Snippets of it yes.
So in fact the answer is no, you don't know what went off.
We are talking about different people now with different ideas and goals and ambitions. You can't brand them (Hyperion) with the 'crap' that went off over the past 10 years. A.Inc no longer has anything to do with Amiga, Hyperion do, Hyperion are the ones taking the OS positively forward step by step.
No sir, I'm not talking about different people. And if you knew your history you would understand that.
It maybe a hobbyist market right now, but it certainly doesn't have to be this way forever.
I've tried to be gentle about this but it's clearly not sinking in. Right here we go:
Amiga, in all its flavours is currently and will forever be a hobbyist market. The desktop market is saturated, mature and there isn't either the resources or money required to make even a dent into it. It's sewn up.
Yes you are right this is probably the final chance for the Amiga,
I didn't say that. I said and I quote: "They are relics. Their one and only shot of making a viable niche for themselves as anything other than a hobby
ended a decade ago."
Emphasis mine. The Amiga is a hobby machine. Get used to it.

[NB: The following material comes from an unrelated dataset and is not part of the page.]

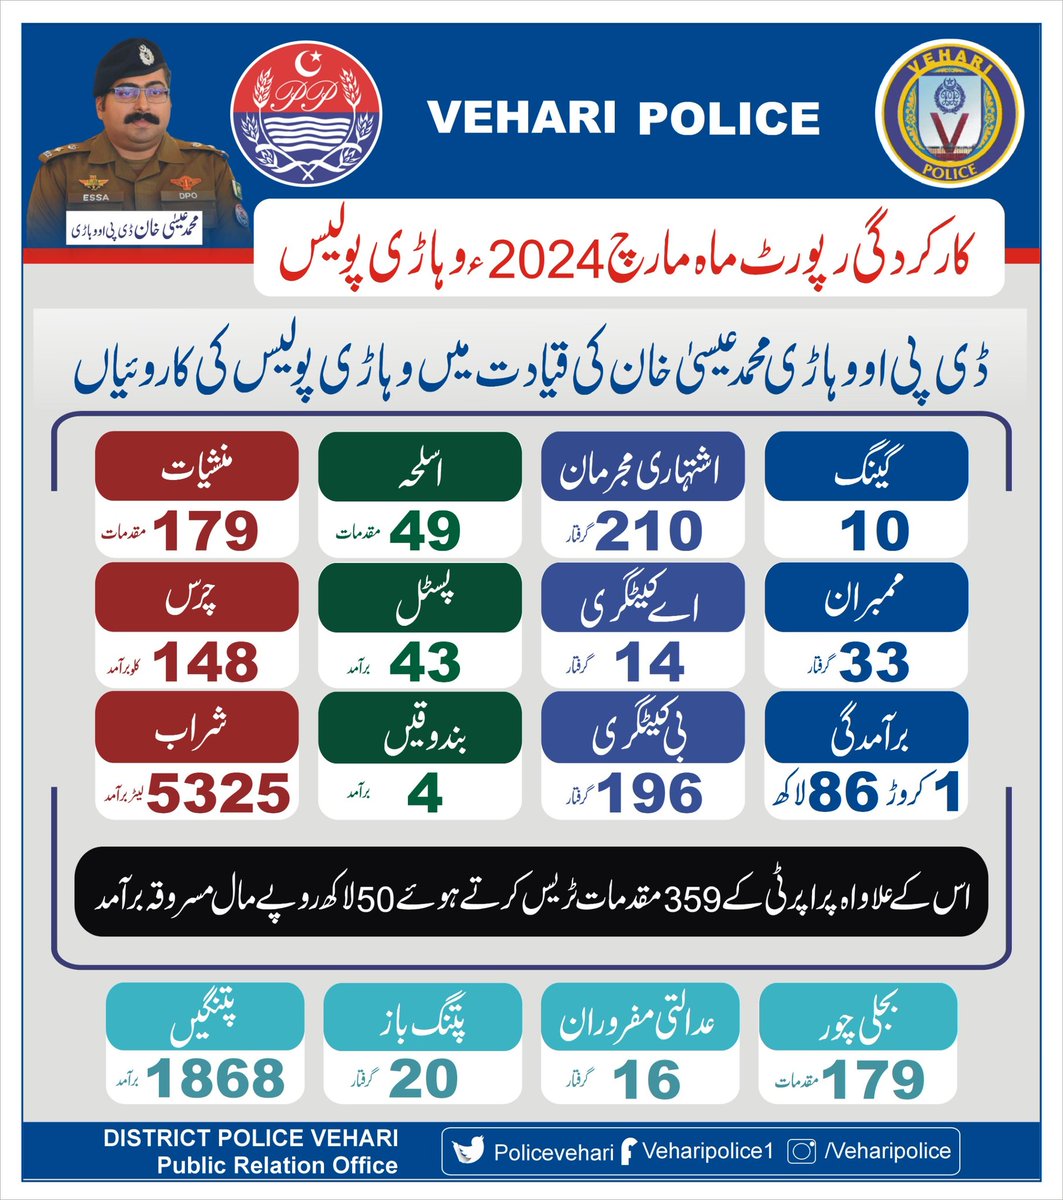 Vehari Police (@PoliceVehari) on Twitter photo 2024-04-04 09:56:41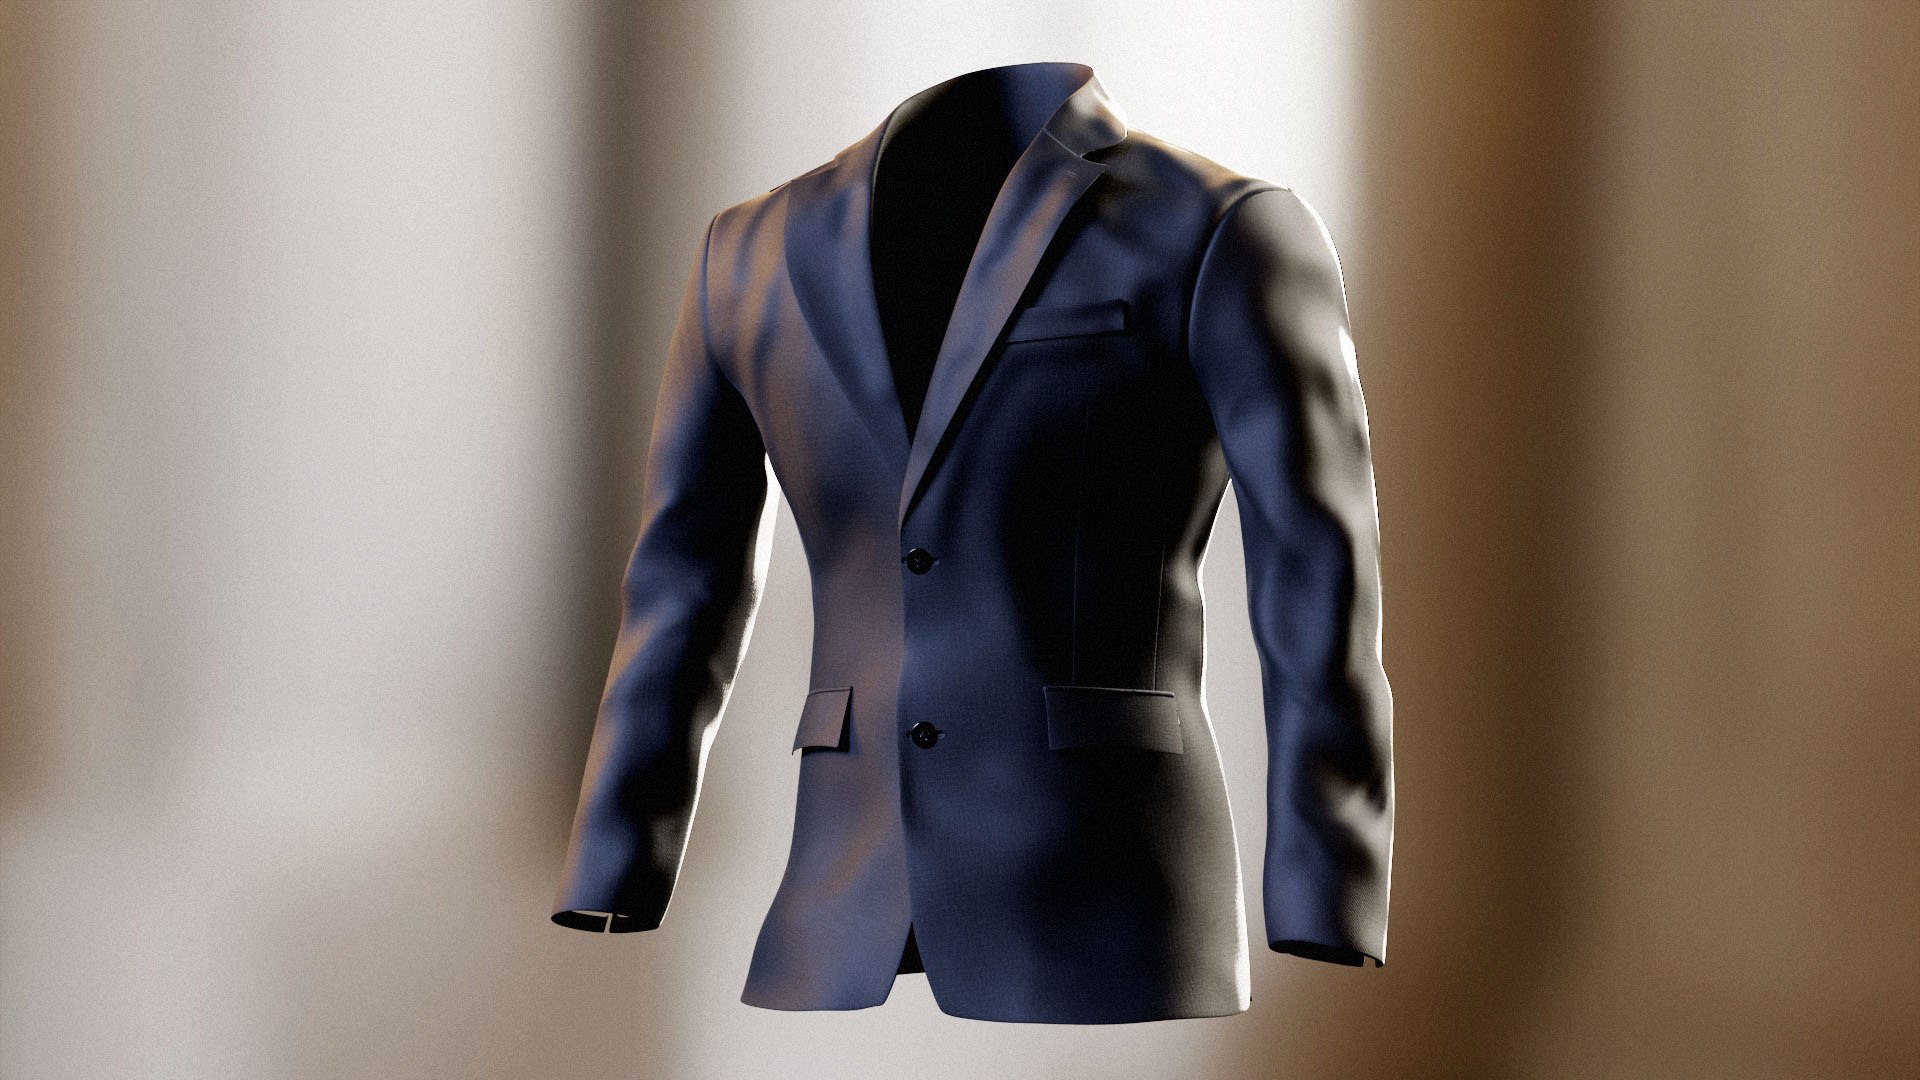 Suit Jacket 3D model - TurboSquid 2053212

But regardless the world is still a place of opportunities, it can't be just PC and Apple forever - every industry has to have competition or there is stagnation and no innovation.
It's called open source. You might want to look into it. Software is more and more becoming a commodity as the market matures.
Hardware too has long since gotten to the stage where outside of ultra high end gaming, it's "good enough". Right now the current market is pushing toward lifestyle PCs along the same lines as the iMac. Sure there are still big box systems out there, but smaller boxes with enough power are becoming more and more commonplace and laptops are now selling faster than both combined because put simply: People don't want to have hulking great towers in their homes if they don't need to.
Regular people will look at a Windows box and Mac and even once in a blue moon a Linux box and compare them for their needs. If PC World for instance started selling X1000's tomorrow at £1500, with a fully ported and optimised OS4 running on it, how well would it compare to either of those three in reality?
Answers on the back of a postcard to the usual address.
With the right management team in place and dedication there is nothing at all stopping them from taking a bigger chunk.
Except being 20 years behind the times, on a dead end cpu architecture (for desktop use),costing about x10 what a comparable box offers outside of this market does, having a tiny fraction of the developers for even just the Linux kernel and zero investment. But beyond that, sure, every chance in the world.